Description
The README throws around the word "exact". It discusses how 0.1 as a binary float is not actually 0.1 in memory. It states, "Statistically, most human-authored decimal numbers cannot be exactly represented as a binary floating-point number (AKA float)."
These are true statements.
However, floating point numbers do have a canonical decimal equivalent. This is easy to see, because all decimal numbers with less than approximately 15 significant digits have a unique, one-to-one mapping with a binary float, an equivalence relation. (For this post, I'll assume that f64 has enough significant digits to be sufficient for the use cases Decimal seeks to cover. This constraint can be relaxed, but it is not relevant to the main point of this thread.) This behavior is exposed already in JavaScript today via string conversion.
String(Number("0.12345"))
The algorithms for binary-to-decimal and decimal-to-binary are well researched, efficient, continue to evolve, and are already implemented in major browsers.
What does this mean?
The most common argument I see for the footgun of float arithmetic is this:
0.1 + 0.2
// ==> 0.30000000000000004
I understand that this is surprising behavior. However, there are ways to solve this problem without using decimals as the numeric type.
Rounding More Often
For most operations, it's totally fine and expected to round more often, which will essentially take the binary float and make it the expected decimal equivalent.

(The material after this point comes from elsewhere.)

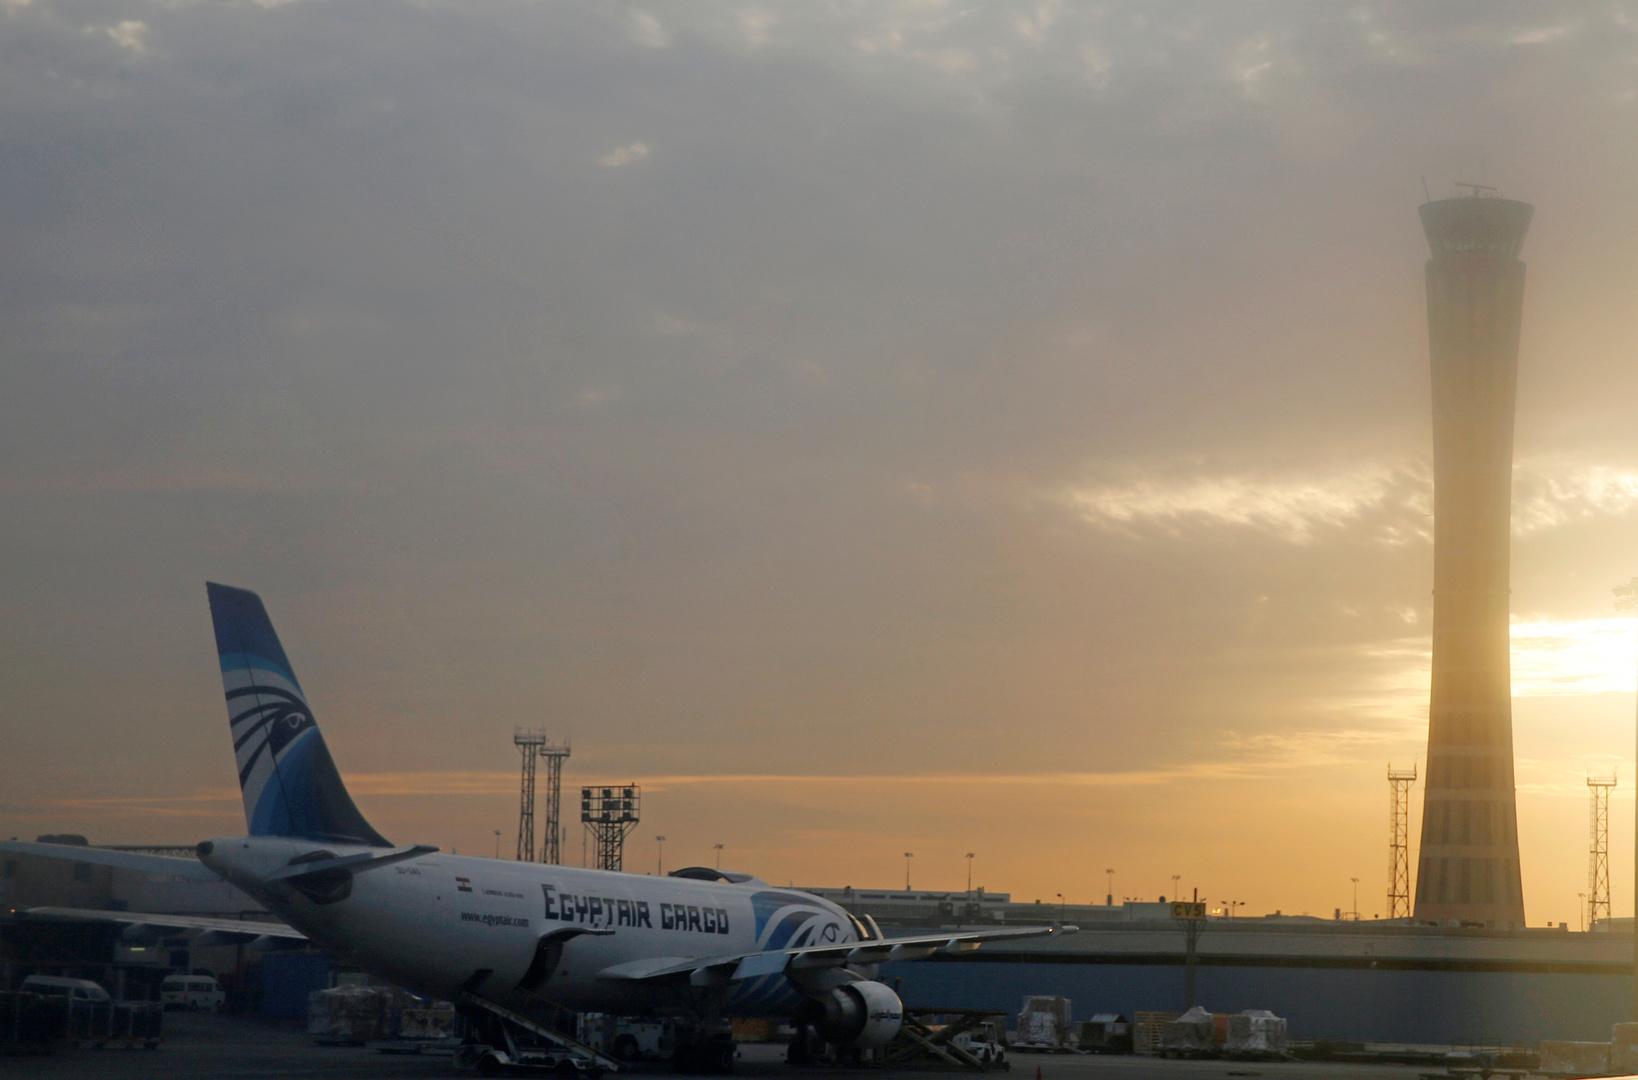 شركات طيران خاصة مصرية تناشد وزير الطيران التدخل في ظل أزمة كورونا

This is currently accessible in the language via Number.prototype.toPrecision
, which returns the string form of the equivalence relation.
Number((0.1 + 0.2).toPrecision(2)) === 0.3 // true
// 0.3
More developers should do this, and we should improve documentation and introductory computer science classes.
We could even add a helper function that behaves like toPrecision
but returns a Number
.
Number.prototype.decimalAdd
Alternatively, it is also possible to write a function that works like this:
(0.1).decimalAdd(0.2) === 0.3 // true
or even invent a new operator to make it look nicer
0.1 +~ 0.2 === 0.3 // true
The contract of Number.prototype.decimalAdd
is: add the binary floats as if adding their decimal equivalent, and return the binary float corresponding to the result.
I claim that this can be implemented efficiently. If the efficiency of this operation is the crux, I'm happy to go into this further.
My point is that the concept of "exactness" does not imply that Decimal128 is required as a numeric data type. Exactness can be achieved with Float64 in both representation (via the equivalence relation) and arithmetic (via either developer education or helper functions on Number).